Just like any breed, not all of them will have the same temperament.


----------



## mswhipple (Mar 7, 2011)

*Re: First time perspective owners - Stranger friendly?*

Hello, and welcome to the forums!! TexasRed is right! Probably your best source of information regarding your dog's temperament is his breeder. The two things that will have the biggest impact on your dog's temperament are socialization and breeding... and of course, you can control one but not the other. 

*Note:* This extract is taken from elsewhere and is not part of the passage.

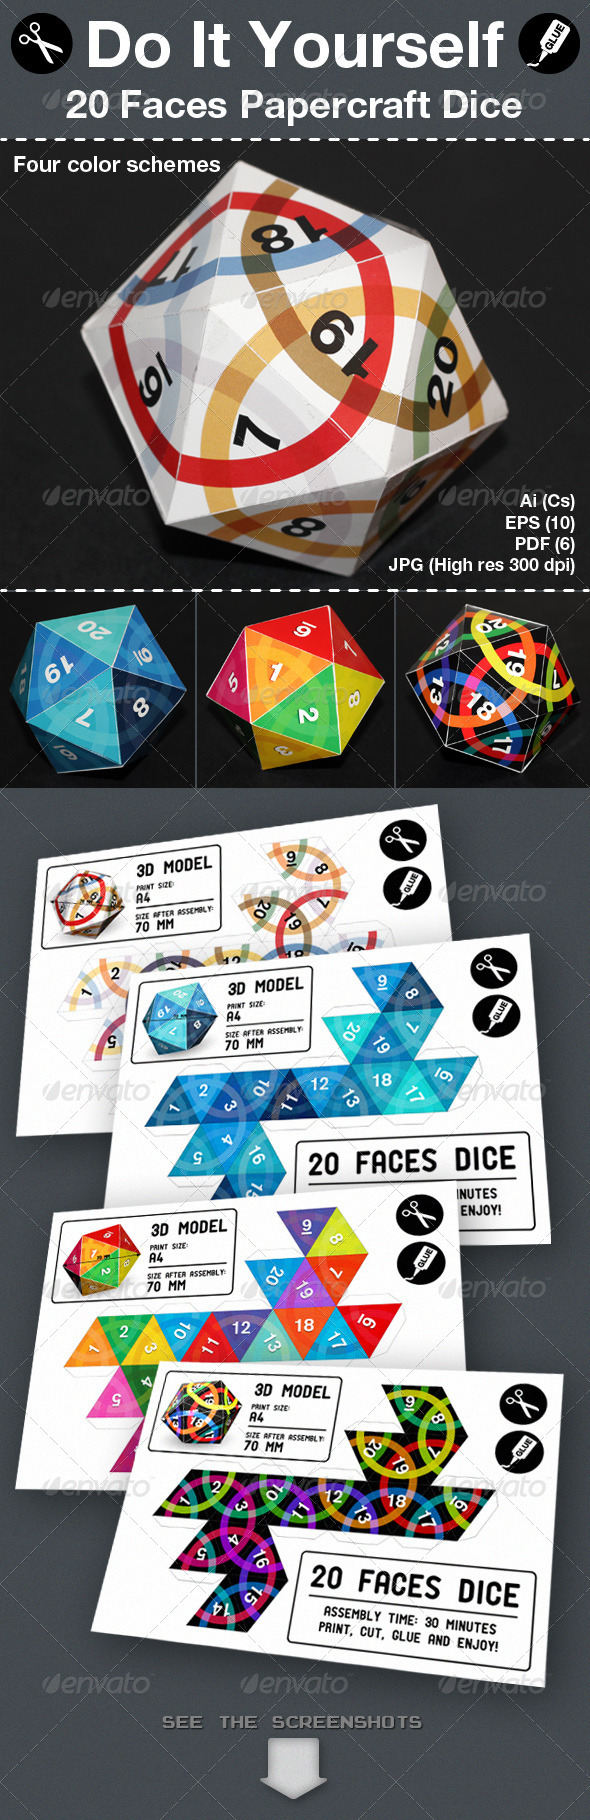 Twenty Faces Papercraft Dice - Packaging Print Templates

I can't speak for all dogs, only my own. Because I adopted him from the dog pound when he was about two, I had no knowledge of his breeding, and no control over his early socialization. That being said, he has the most delightful temperament I have ever seen in a dog. He loves everyone and welcomes everyone enthusiastically. He does have a protective side, too, though. If a contractor is inside my house to do work on something, my boy Willie always places himself between me and the stranger. Again, I am not sure if this is characteristic of the breed, or if I just got lucky! ;D


----------



## MCD (May 4, 2013)

*Re: First time perspective owners - Stranger friendly?*

First time vizsla owner too. Yes they are generally very friendly and loving to every one. I often have to keep Dharma from jumping on people when they come to the door. Dharma like all vizslas is Velcro and needs to be around her people. Socialization is a very big key in the development of these dogs. Also it sounds like you have the ideal circumstances for having this type of dog too. Dharma will not go to sleep if we have company and not until every one is settled for the night. She also needs to show every one her toys when she gets released from her crate. As suggested in other posts, it is good to meet the parents of your puppy and talk with the breeder.


----------



## MeandMy3 (Feb 27, 2013)

*Re: First time perspective owners - Stranger friendly?*

We have both breeds - one vizlsa and four labs. Our vizsla is less protective and quicker to befriend someone than our labs. Our vizsla thinks she is everyone's best friend. Our labs are more cautious and much more protective of me (at least our older two are). With proper socialization and training, you will have the dog you want.


----------



## dextersmom (Oct 29, 2013)

*Re: First time perspective owners - Stranger friendly?*

I think most V owners would tell you that you'll have more of a problem getting your dog to stop jumping on strangers and kissing them to death than trying to scare them off 

Always a good idea to meet the parents, do lots of socialization, etc. but V's are generally super friendly (almost to a fault sometimes). Our boy thinks the entire world exists to make friends and play with him. 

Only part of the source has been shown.